* _Extracted entries_
□ □ □ □ □
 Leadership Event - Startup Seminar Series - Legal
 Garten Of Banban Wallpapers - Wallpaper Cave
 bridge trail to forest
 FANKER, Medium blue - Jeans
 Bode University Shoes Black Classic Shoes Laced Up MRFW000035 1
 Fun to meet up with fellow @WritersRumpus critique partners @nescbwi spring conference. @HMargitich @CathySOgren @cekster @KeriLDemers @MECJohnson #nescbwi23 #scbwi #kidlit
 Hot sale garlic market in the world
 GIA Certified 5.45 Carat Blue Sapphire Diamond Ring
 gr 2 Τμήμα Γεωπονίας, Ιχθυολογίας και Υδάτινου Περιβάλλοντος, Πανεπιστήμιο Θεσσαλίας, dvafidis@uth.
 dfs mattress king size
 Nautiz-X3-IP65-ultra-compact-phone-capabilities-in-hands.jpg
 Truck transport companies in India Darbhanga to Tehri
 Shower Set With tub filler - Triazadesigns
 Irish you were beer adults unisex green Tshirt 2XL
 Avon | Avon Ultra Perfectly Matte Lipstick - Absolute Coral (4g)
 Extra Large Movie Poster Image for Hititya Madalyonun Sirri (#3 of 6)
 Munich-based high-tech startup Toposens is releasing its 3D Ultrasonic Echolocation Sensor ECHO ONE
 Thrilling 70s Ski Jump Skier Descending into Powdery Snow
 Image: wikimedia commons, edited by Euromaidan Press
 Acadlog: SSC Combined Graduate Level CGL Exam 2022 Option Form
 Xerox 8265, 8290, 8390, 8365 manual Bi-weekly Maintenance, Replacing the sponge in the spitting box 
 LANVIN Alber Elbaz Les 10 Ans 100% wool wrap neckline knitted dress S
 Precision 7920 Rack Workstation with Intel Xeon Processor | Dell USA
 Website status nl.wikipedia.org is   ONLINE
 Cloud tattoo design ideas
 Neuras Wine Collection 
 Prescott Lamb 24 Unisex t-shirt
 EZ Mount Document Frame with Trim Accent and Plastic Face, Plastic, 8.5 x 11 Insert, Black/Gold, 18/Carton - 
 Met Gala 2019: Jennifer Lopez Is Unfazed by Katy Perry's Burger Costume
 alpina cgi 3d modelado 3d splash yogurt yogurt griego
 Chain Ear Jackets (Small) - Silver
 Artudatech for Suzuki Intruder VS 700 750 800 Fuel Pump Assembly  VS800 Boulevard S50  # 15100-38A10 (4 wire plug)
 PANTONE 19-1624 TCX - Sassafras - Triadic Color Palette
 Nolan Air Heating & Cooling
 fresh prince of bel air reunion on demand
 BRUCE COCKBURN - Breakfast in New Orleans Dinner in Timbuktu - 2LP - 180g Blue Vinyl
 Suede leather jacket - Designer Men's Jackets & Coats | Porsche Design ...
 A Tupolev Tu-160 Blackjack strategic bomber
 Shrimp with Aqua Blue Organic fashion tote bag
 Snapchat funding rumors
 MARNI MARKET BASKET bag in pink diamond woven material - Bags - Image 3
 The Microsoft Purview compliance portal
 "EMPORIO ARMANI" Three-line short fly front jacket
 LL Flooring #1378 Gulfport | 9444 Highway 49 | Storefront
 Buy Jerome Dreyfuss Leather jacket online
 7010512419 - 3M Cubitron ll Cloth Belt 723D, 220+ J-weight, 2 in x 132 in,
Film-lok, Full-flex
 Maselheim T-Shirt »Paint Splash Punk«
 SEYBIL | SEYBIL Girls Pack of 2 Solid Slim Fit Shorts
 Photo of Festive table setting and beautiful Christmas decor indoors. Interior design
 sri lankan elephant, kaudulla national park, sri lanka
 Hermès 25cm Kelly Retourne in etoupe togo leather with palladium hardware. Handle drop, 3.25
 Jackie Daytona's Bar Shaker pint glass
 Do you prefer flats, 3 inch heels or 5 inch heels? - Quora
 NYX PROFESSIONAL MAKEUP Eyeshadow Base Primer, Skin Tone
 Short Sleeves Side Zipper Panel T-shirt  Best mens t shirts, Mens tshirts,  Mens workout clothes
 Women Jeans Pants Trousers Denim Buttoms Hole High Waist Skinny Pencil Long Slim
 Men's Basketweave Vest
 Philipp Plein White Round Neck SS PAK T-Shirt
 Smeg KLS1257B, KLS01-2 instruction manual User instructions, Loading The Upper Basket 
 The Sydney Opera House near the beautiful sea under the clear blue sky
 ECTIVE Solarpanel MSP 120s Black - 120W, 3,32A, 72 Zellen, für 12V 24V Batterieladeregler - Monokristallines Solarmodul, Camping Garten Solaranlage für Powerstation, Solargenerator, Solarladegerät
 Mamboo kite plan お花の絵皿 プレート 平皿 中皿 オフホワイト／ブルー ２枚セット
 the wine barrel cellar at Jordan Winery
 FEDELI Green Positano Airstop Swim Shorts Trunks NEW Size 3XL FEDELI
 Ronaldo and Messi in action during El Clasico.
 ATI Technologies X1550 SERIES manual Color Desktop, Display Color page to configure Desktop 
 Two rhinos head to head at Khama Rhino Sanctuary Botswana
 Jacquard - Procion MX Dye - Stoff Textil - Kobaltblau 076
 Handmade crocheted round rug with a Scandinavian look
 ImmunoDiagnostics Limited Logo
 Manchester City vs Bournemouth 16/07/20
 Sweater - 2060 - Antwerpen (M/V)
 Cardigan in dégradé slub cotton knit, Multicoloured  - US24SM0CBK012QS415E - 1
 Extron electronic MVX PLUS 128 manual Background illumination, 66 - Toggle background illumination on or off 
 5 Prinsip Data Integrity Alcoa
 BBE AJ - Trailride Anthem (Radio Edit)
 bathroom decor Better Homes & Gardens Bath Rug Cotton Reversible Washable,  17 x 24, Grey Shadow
□ □ □ □ □
Within the material above, transcribe exactly the lines that run from the line holding "GIA Certified 5.45" through the line holding "fresh prince of bel air reunion on demand".

* _Written answer_
 GIA Certified 5.45 Carat Blue Sapphire Diamond Ring
 gr 2 Τμήμα Γεωπονίας, Ιχθυολογίας και Υδάτινου Περιβάλλοντος, Πανεπιστήμιο Θεσσαλίας, dvafidis@uth.
 dfs mattress king size
 Nautiz-X3-IP65-ultra-compact-phone-capabilities-in-hands.jpg
 Truck transport companies in India Darbhanga to Tehri
 Shower Set With tub filler - Triazadesigns
 Irish you were beer adults unisex green Tshirt 2XL
 Avon | Avon Ultra Perfectly Matte Lipstick - Absolute Coral (4g)
 Extra Large Movie Poster Image for Hititya Madalyonun Sirri (#3 of 6)
 Munich-based high-tech startup Toposens is releasing its 3D Ultrasonic Echolocation Sensor ECHO ONE
 Thrilling 70s Ski Jump Skier Descending into Powdery Snow
 Image: wikimedia commons, edited by Euromaidan Press
 Acadlog: SSC Combined Graduate Level CGL Exam 2022 Option Form
 Xerox 8265, 8290, 8390, 8365 manual Bi-weekly Maintenance, Replacing the sponge in the spitting box 
 LANVIN Alber Elbaz Les 10 Ans 100% wool wrap neckline knitted dress S
 Precision 7920 Rack Workstation with Intel Xeon Processor | Dell USA
 Website status nl.wikipedia.org is   ONLINE
 Cloud tattoo design ideas
 Neuras Wine Collection 
 Prescott Lamb 24 Unisex t-shirt
 EZ Mount Document Frame with Trim Accent and Plastic Face, Plastic, 8.5 x 11 Insert, Black/Gold, 18/Carton - 
 Met Gala 2019: Jennifer Lopez Is Unfazed by Katy Perry's Burger Costume
 alpina cgi 3d modelado 3d splash yogurt yogurt griego
 Chain Ear Jackets (Small) - Silver
 Artudatech for Suzuki Intruder VS 700 750 800 Fuel Pump Assembly  VS800 Boulevard S50  # 15100-38A10 (4 wire plug)
 PANTONE 19-1624 TCX - Sassafras - Triadic Color Palette
 Nolan Air Heating & Cooling
 fresh prince of bel air reunion on demand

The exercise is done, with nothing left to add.